Kafka Connect on Confluent Cloud

Kafka Connect, an open source component of Apache Kafka, is a framework for connecting Kafka with external systems such as databases, key-value stores, search indexes, and file systems.

Using Kafka Connect you can use existing connector implementations for common data sources and sinks to move data into and out of Kafka.

Source Connector
A source connector ingests entire databases and streams table updates to Kafka topics. It can also collect metrics from all of your application servers into Kafka topics, making the data available for stream processing with low latency.
Sink Connector
A sink connector delivers data from Kafka topics into secondary indexes such as Elasticsearch or batch systems such as Hadoop for offline analysis.

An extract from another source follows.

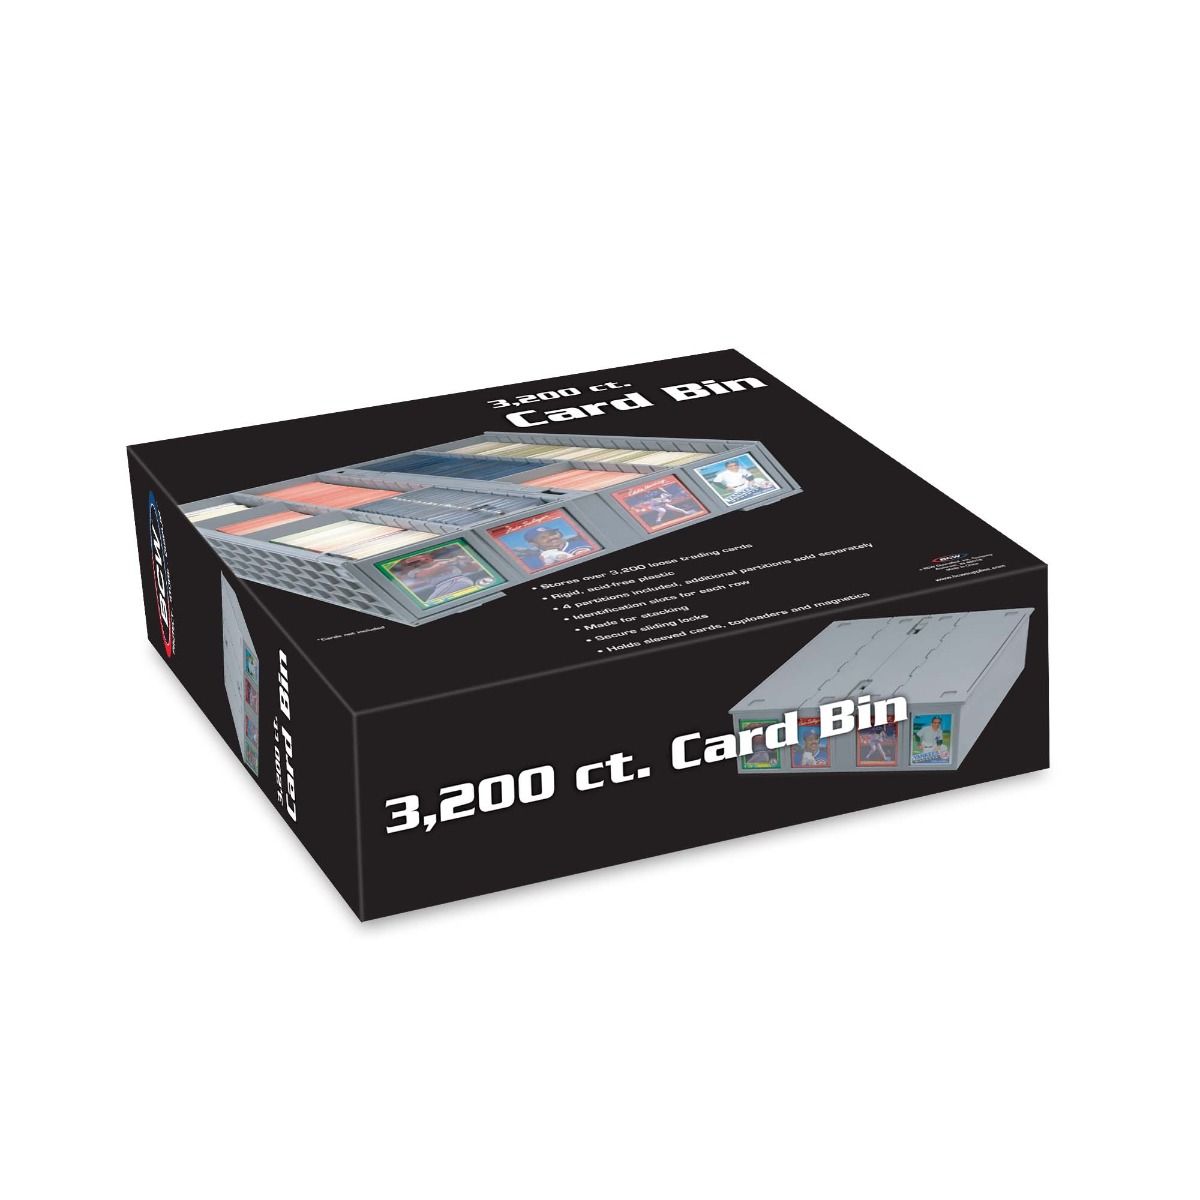 BCW Collectible Card Bin-3200-GRAY (4each/case)-BCW Supplies-Ace Cards &amp; Collectibles

Kafka Connect is focused on streaming data to and from Kafka, making it simpler for you to write high quality, reliable, and high performance connector plugins. It also enables the framework to make guarantees that are difficult to achieve using other frameworks. Kafka Connect is an integral component of an ETL pipeline when combined with Kafka and a stream processing framework.

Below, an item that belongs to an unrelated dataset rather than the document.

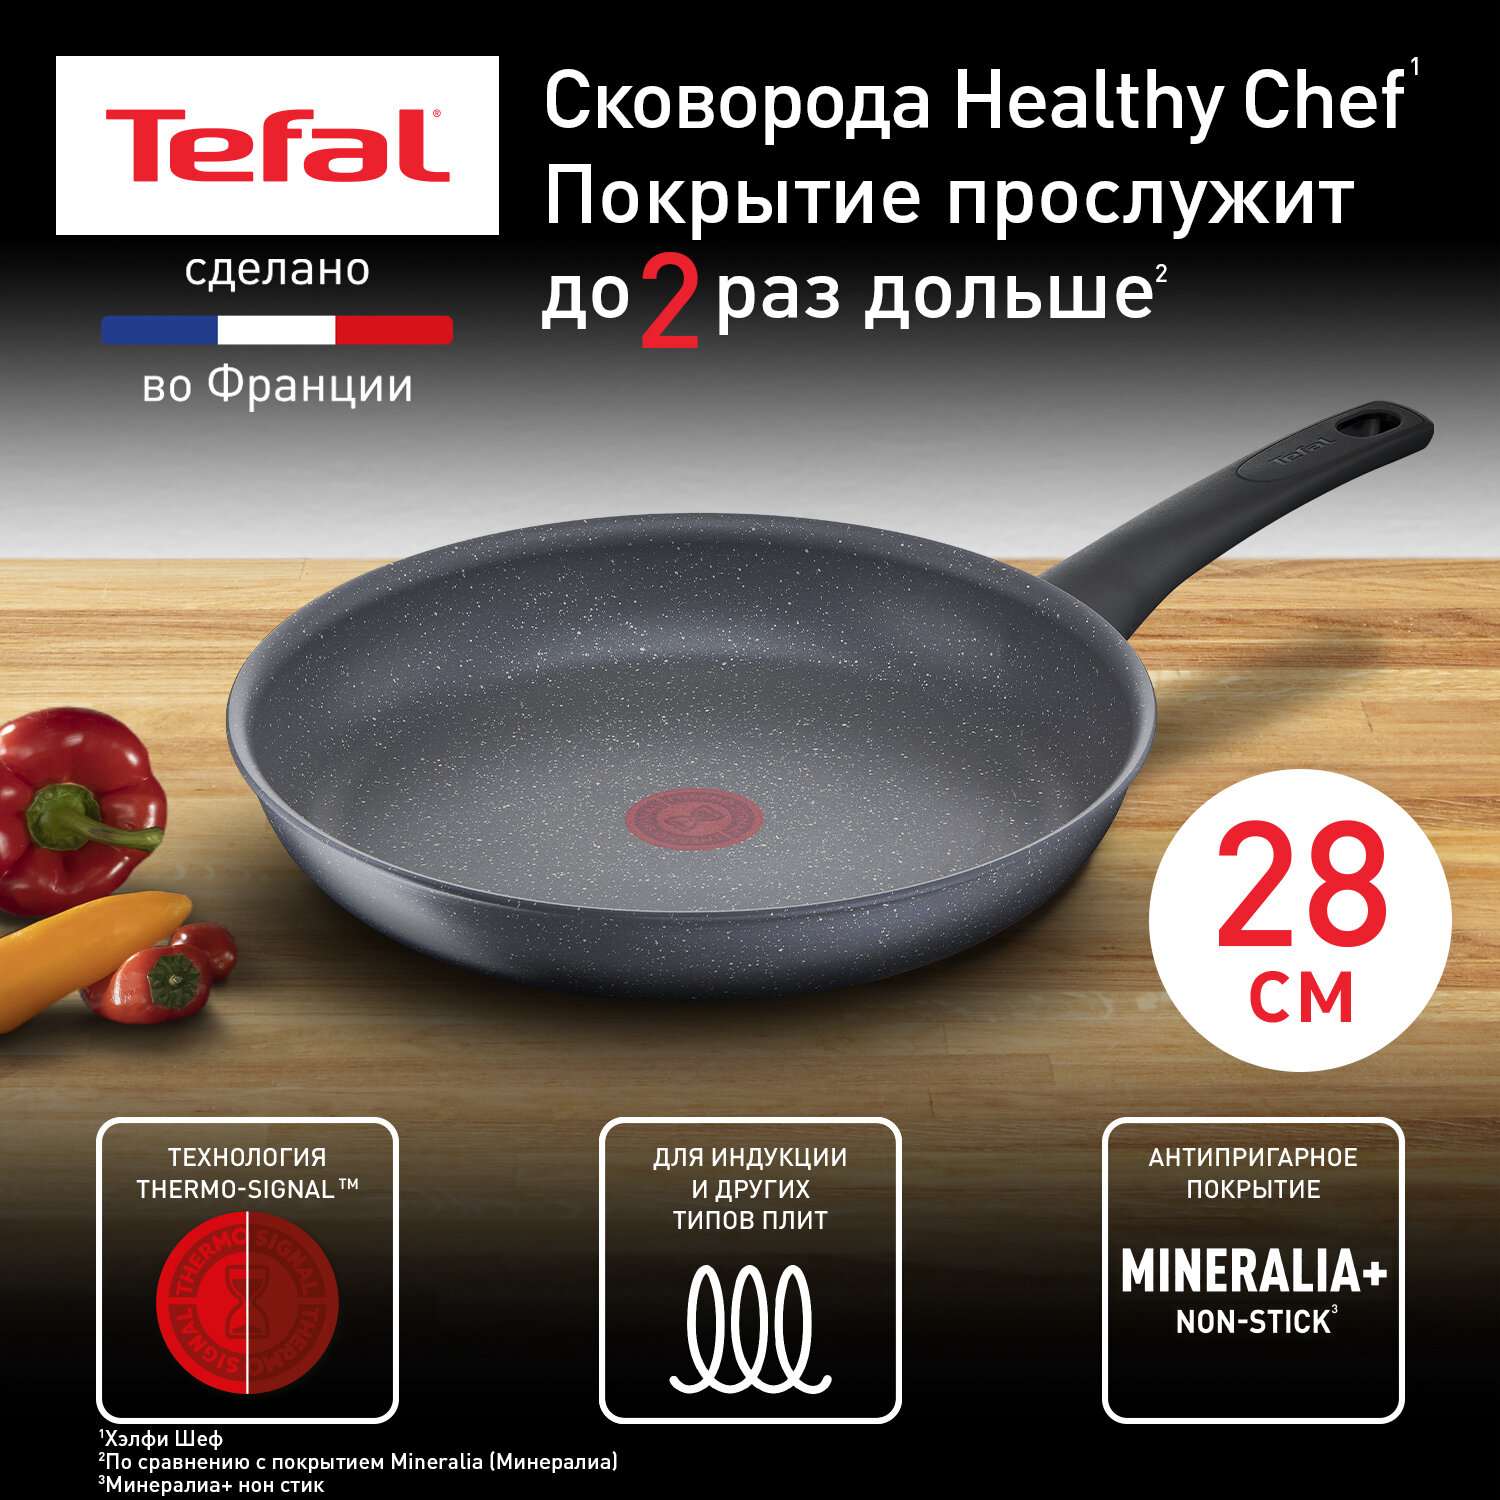 Сковорода Tefal Healthy Chef G1500672, 28 см, с индикатором температуры, с антипригарным покрытием, подходит для индукции, сделано во Франции

Kafka Connect can run either as a standalone process for running jobs on a single machine (e.g., log collection), or as a distributed, scalable, fault tolerant service supporting an entire organization. This allows it to scale down to development, testing, and small production deployments with a low barrier to entry and low operational overhead, and to scale up to support a large organization's data pipeline.

The main benefits of using Kafka Connect are:

  • Data Centric Pipeline -- use meaningful data abstractions to pull or push data to Kafka.
  • Flexibility and Scalability -- run with streaming and batch-oriented systems on a single node or scaled to an organization-wide service.
  • Reusability and Extensibility -- leverage existing connectors or extend them to tailor to your needs and lower time to production.

Confluent Cloud S3 Connector (Sink)

Important

This connector is a preview connector for Confluent Cloud. Preview connectors are not currently supported and are not recommended for production use. For specific connector limitations, see Confluent Cloud Connect Preview.

You can use the S3 connector, currently available as a sink, to export data from Kafka topics to S3 objects in either Avro or JSON formats. Depending on your environment, the S3 connector can export data by guaranteeing exactly-once delivery semantics to consumers of the S3 objects it produces.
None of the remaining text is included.